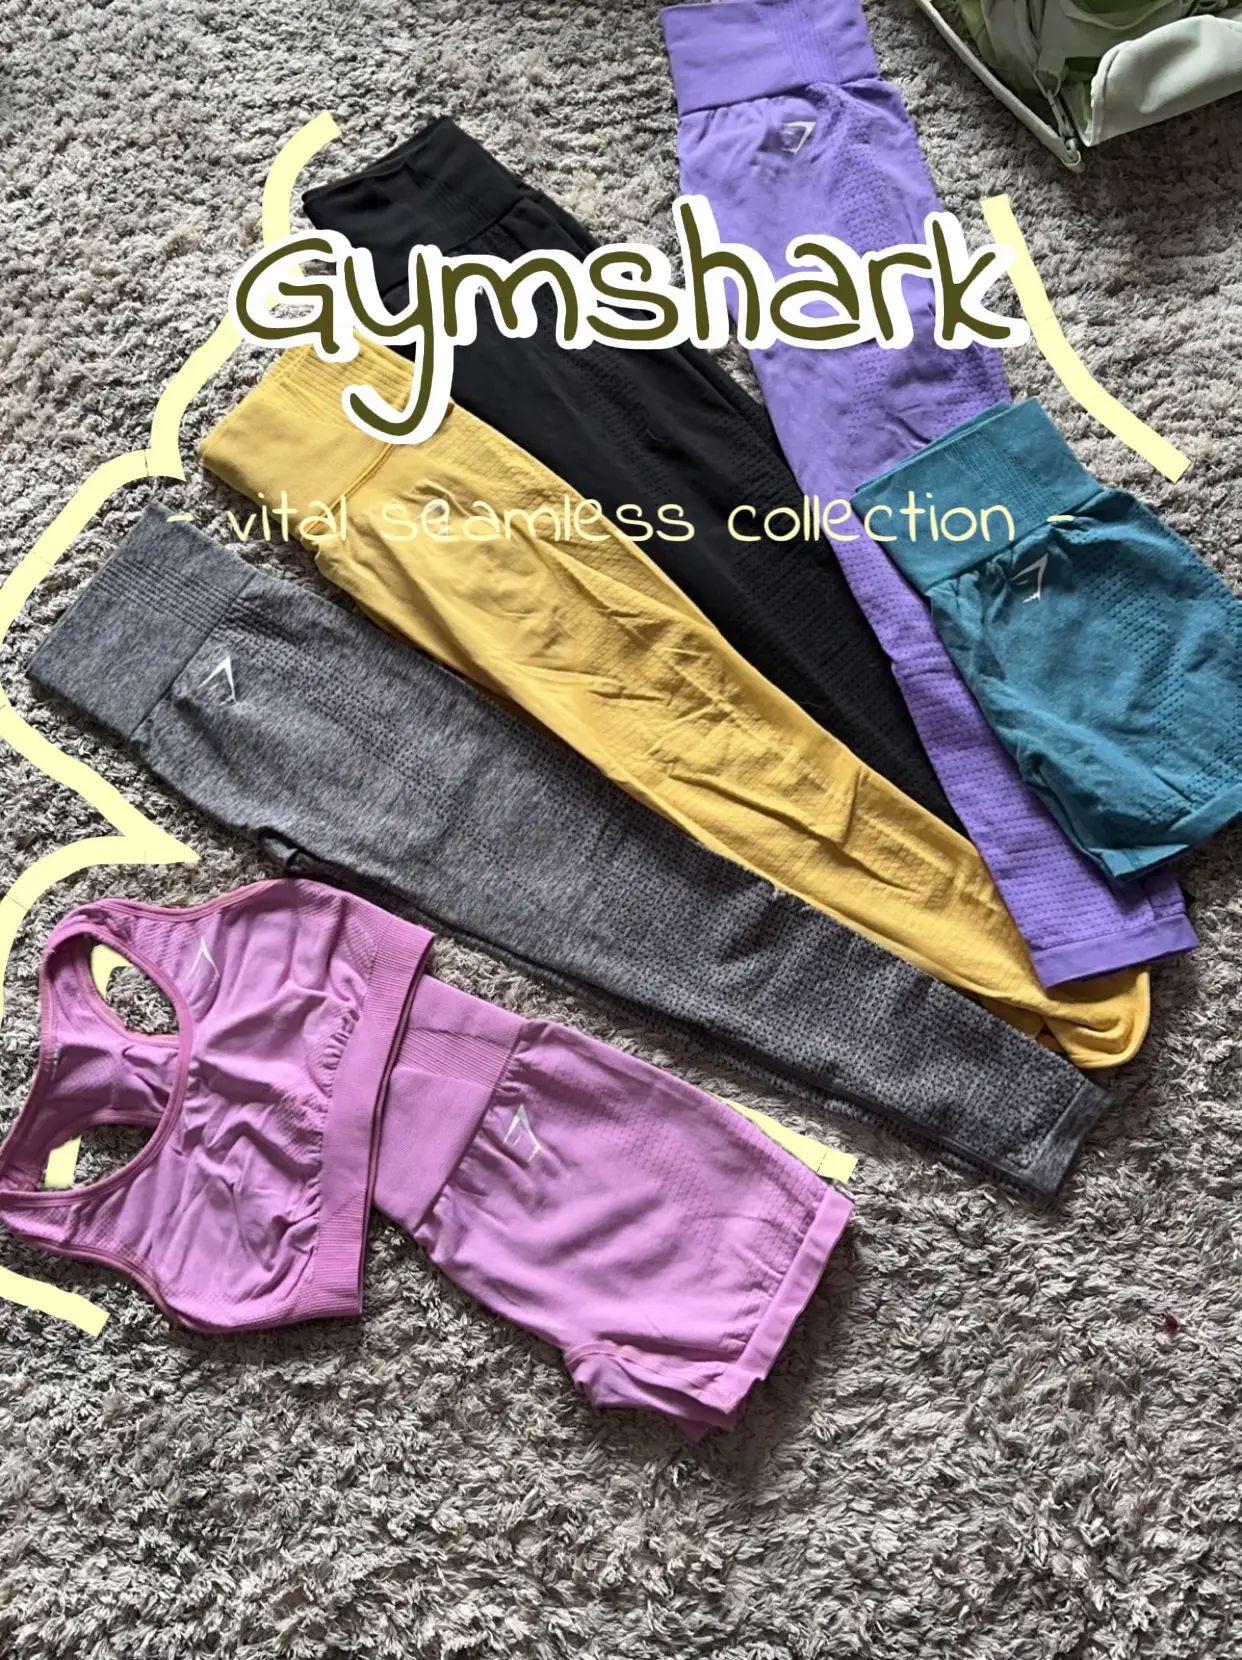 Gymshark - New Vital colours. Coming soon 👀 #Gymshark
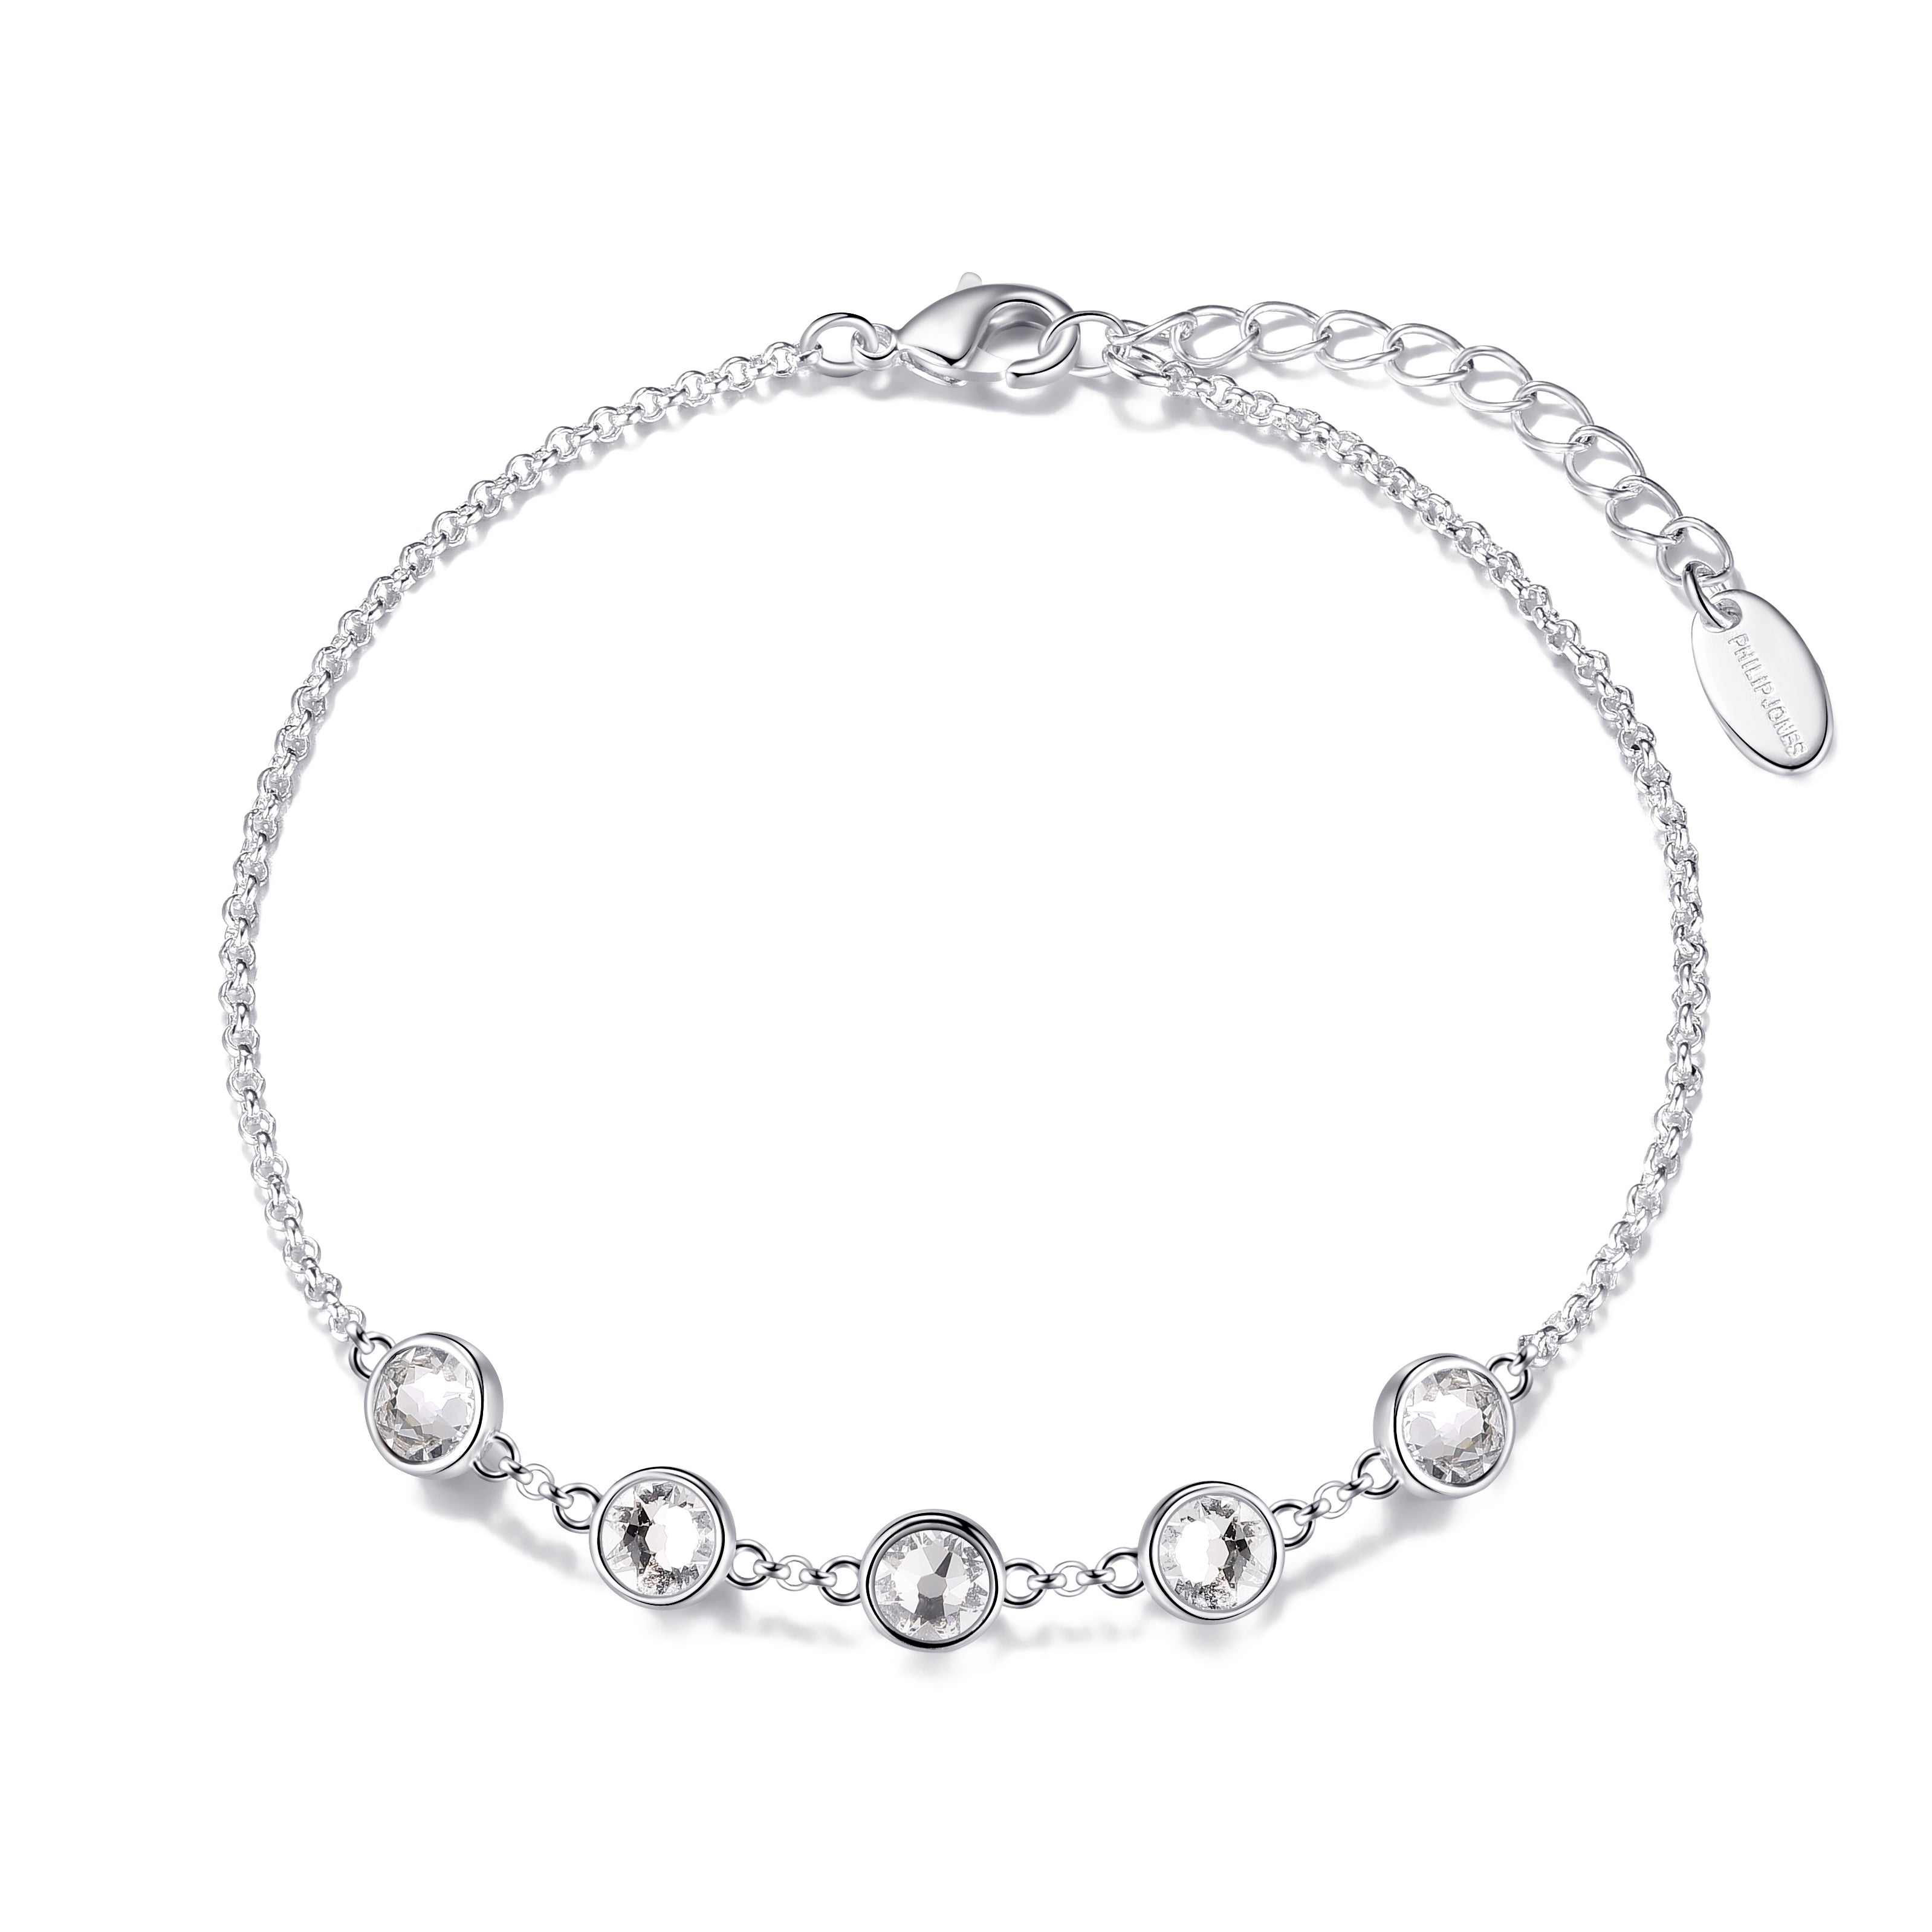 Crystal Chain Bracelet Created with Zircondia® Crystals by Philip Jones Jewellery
* * *
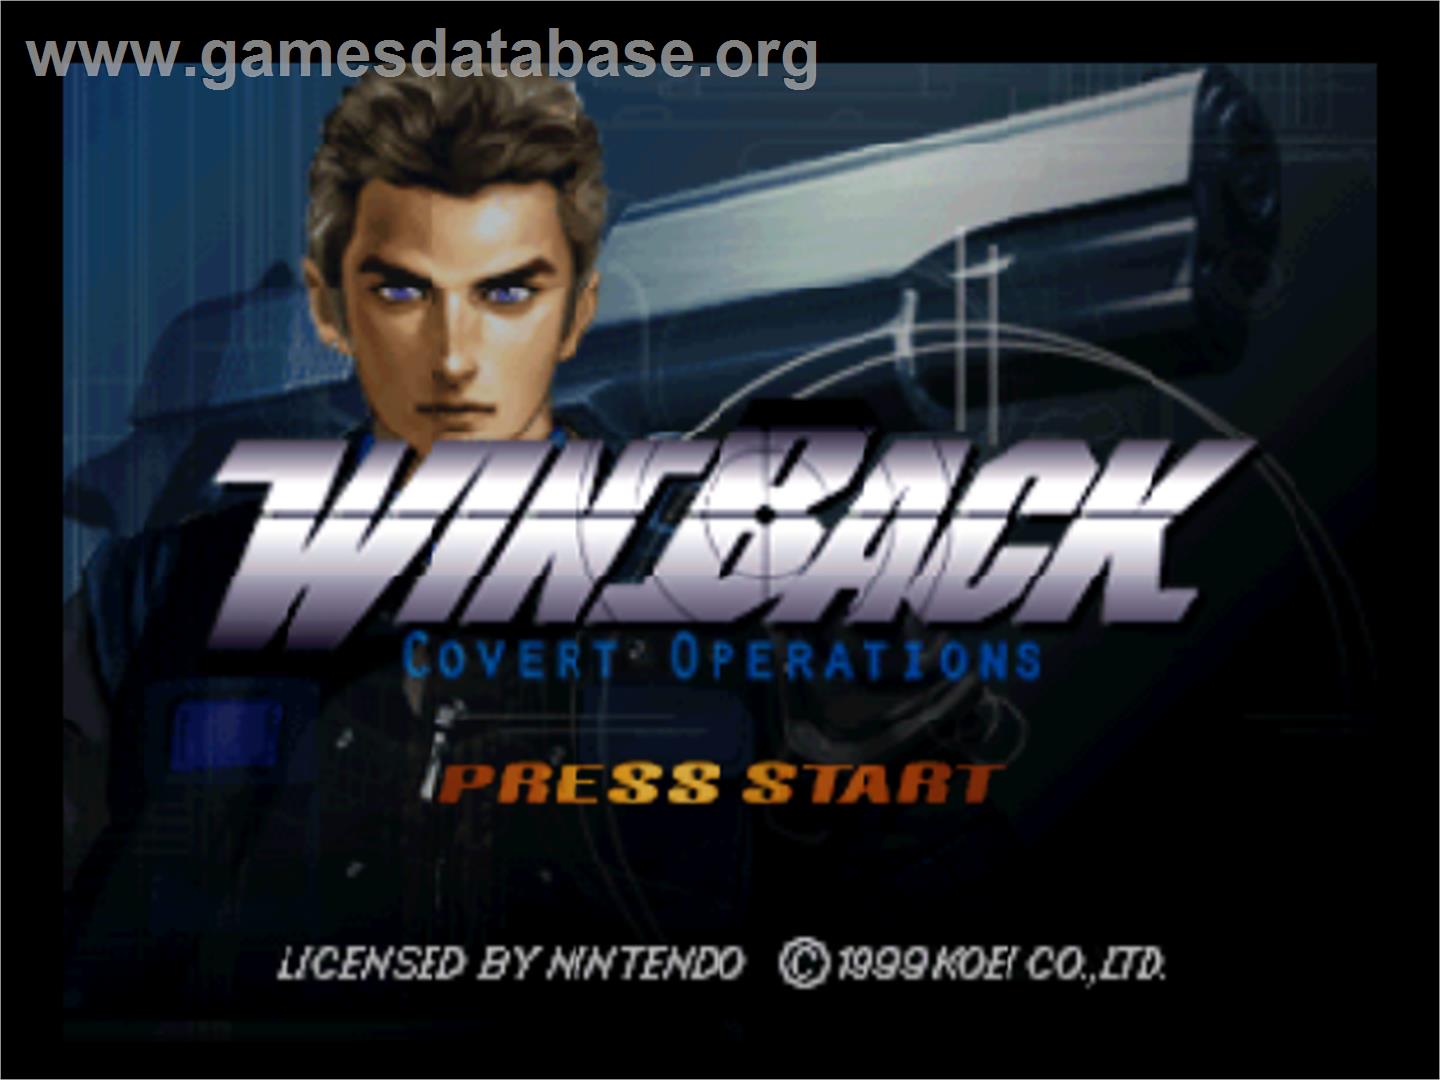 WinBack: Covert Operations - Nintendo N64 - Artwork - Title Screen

Task goal -
In the listing above, find the line holding "Gymshark - New" and the line holding "Crystal Chain Bracelet". Reproduce those two lines and all between them exactly, leaving out pictures.

Response to this exercise -
 Gymshark - New Vital colours. Coming soon 👀 #Gymshark
 Crystal Chain Bracelet Created with Zircondia® Crystals by Philip Jones Jewellery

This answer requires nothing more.